After spending two days in the ICU, she was able to get out of bed and sit in a chair. She was paralyzed on the right side. She has improved physically in a relatively short period of time by walking up to an hour on a treadmill, followed by five minutes on a stationary bike. Her foot flips over from time to time although there is no physical sign of deformity.

Though she speaks slowly and quietly, White has resumed teaching at Coral Springs Middle School. Certified in Jamaica, she has had to take professional education exams to be fully qualified in Florida. In February, just three months after the stroke, she took a nearly three-hour exam and “passed it, no problem.”

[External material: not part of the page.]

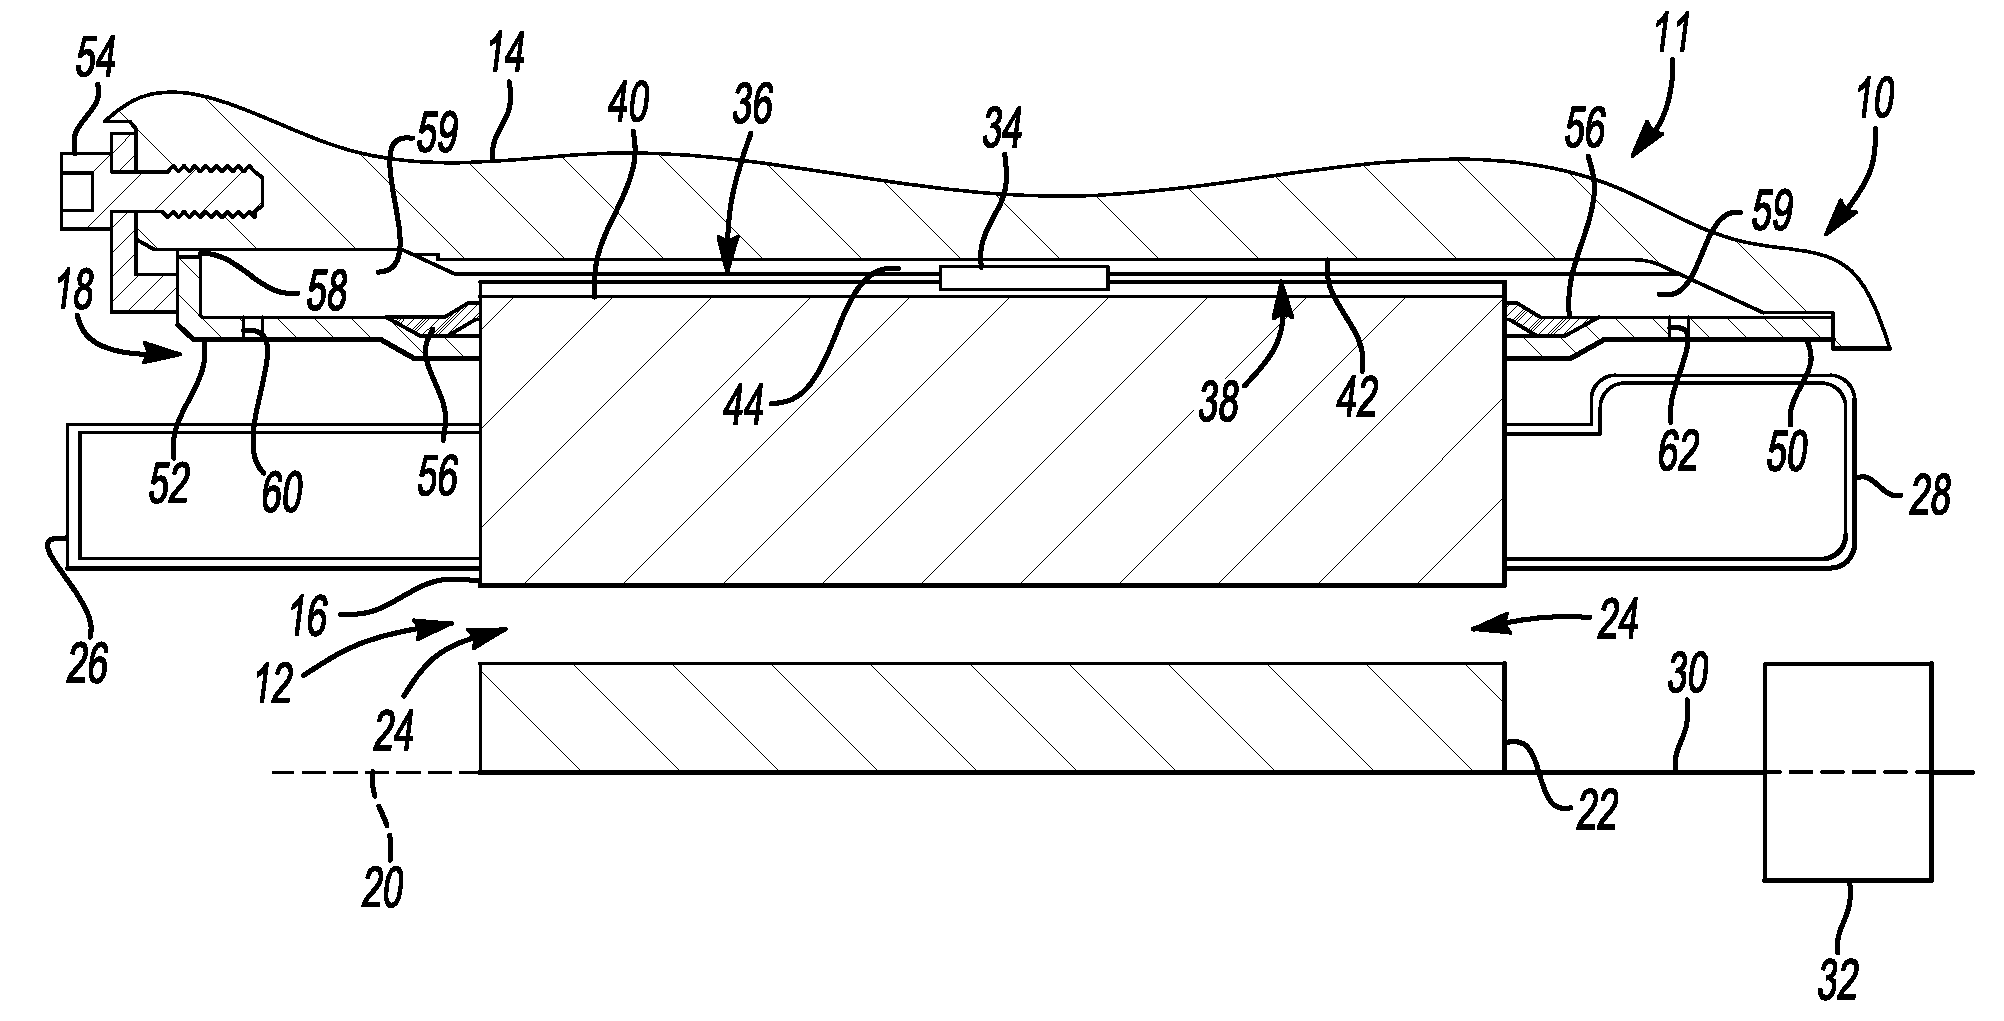 Electric motor assembly with stator mounted in vehicle powertrain housing and method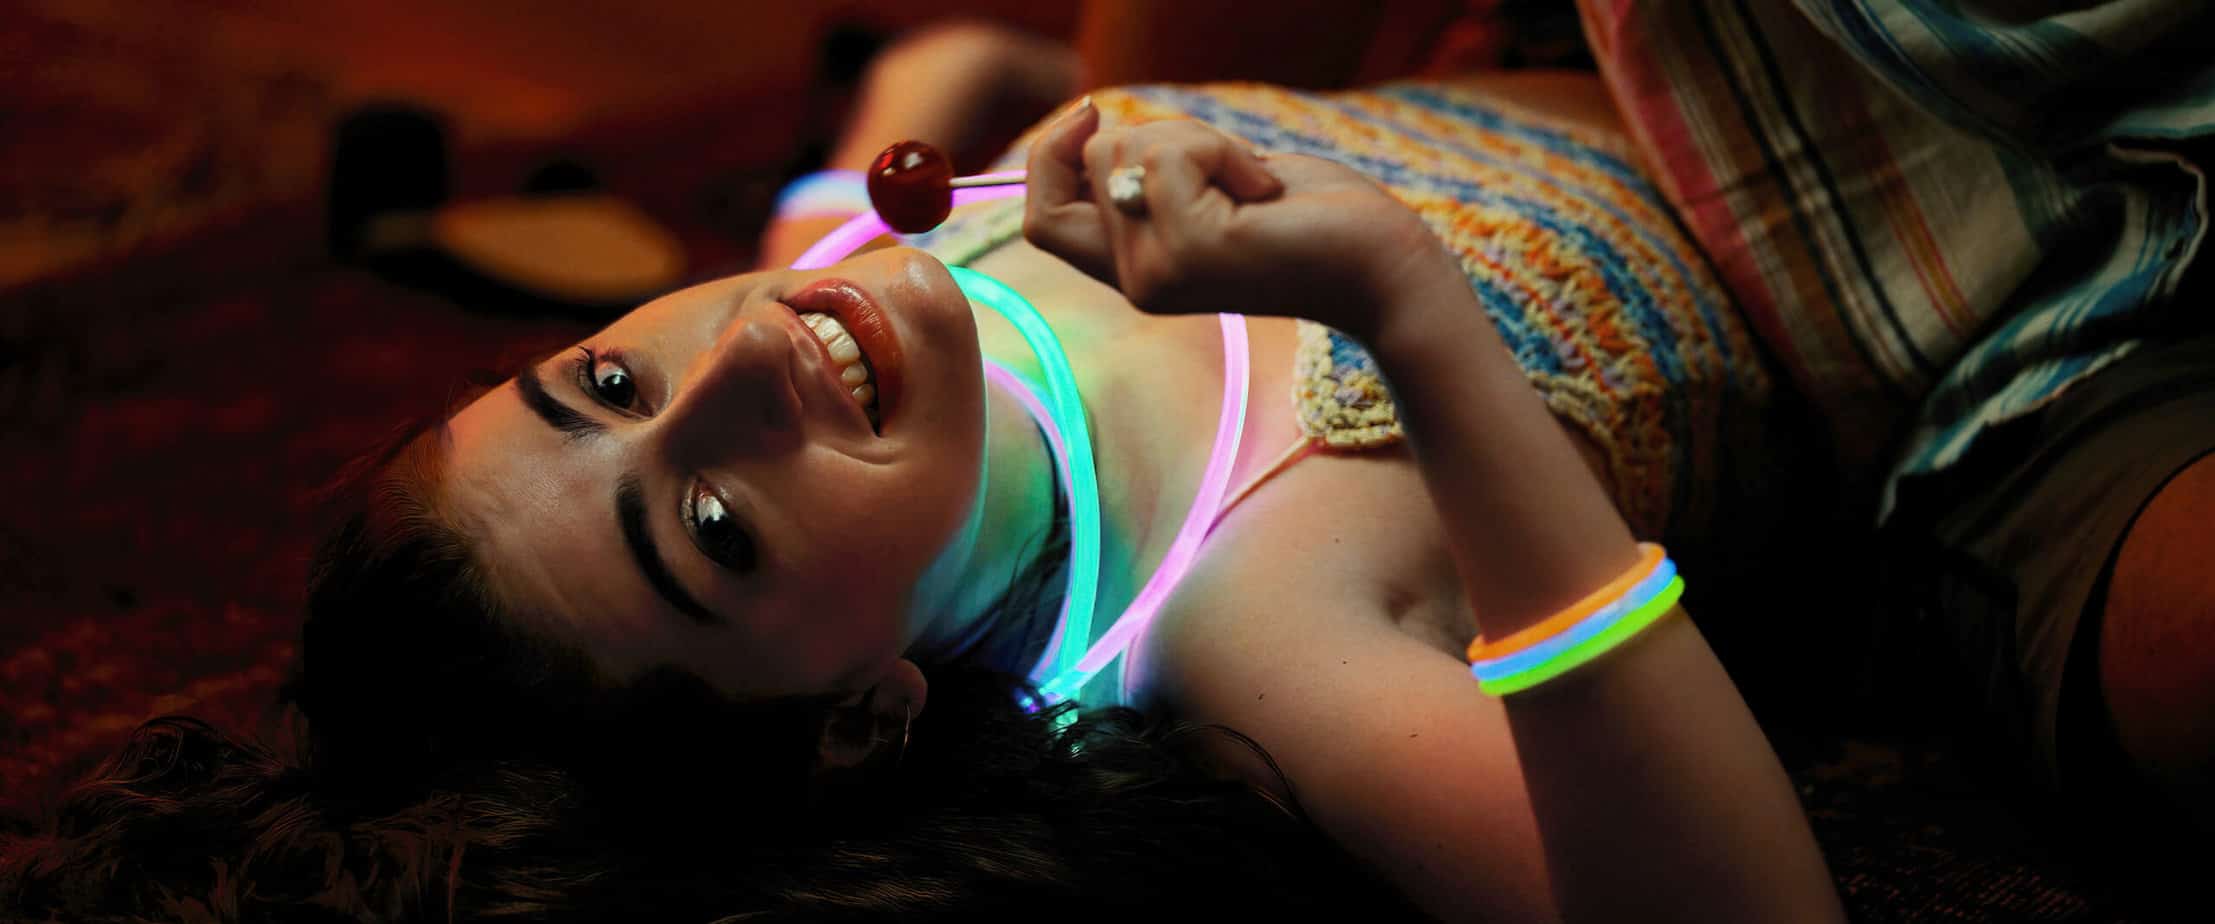 when can you pee during bodies bodies bodies.Girl laying on her back looking at the camera with glow necklaces around her neck.

Meanwhile, Gerry had another setback in June 2018—a stroke-like transient ischemic attack, which cuts off blood flow to the brain for a short time. Working on a second master’s degree, she is learning at a slower place. “I get overwhelmed quickly and can’t think.”

After her TIA, Delray Medical Center doctors recommended physical therapy for a limp and dropped foot. She started with treadmill work and rowed to build up her quads. With balance problems, she held on to resistance bands to avoid falling while doing squats. Within a month, she could walk 2 miles. Last fall, she completed a “dry” triathlon hosted by Orangetheory, consisting of a 2,000-meter row, 300 bodyweight reps and a 5K treadmill run.

Says Gerry’s trainer at Orangetheory, Ashley Elliott: “I definitely think her background in fitness and sports played a huge role in her recovery.”

ABCs of Stroke

A: Take aspirin as directed by your healthcare professional.

B: Control your blood pressure.

C: Manage your cholesterol.

S: Never start smoking and quit if you do.

3 Questions

Ask the person to smile. Does one side of the face droop or feel numb?

Ask the person to raise both arms. Done one arm drift downward?

Have them repeat a simple sentence, like “The sky is blue.” Is the sentence repeated correctly?

If you observe any abnormalities, call 9-1-1 immediately.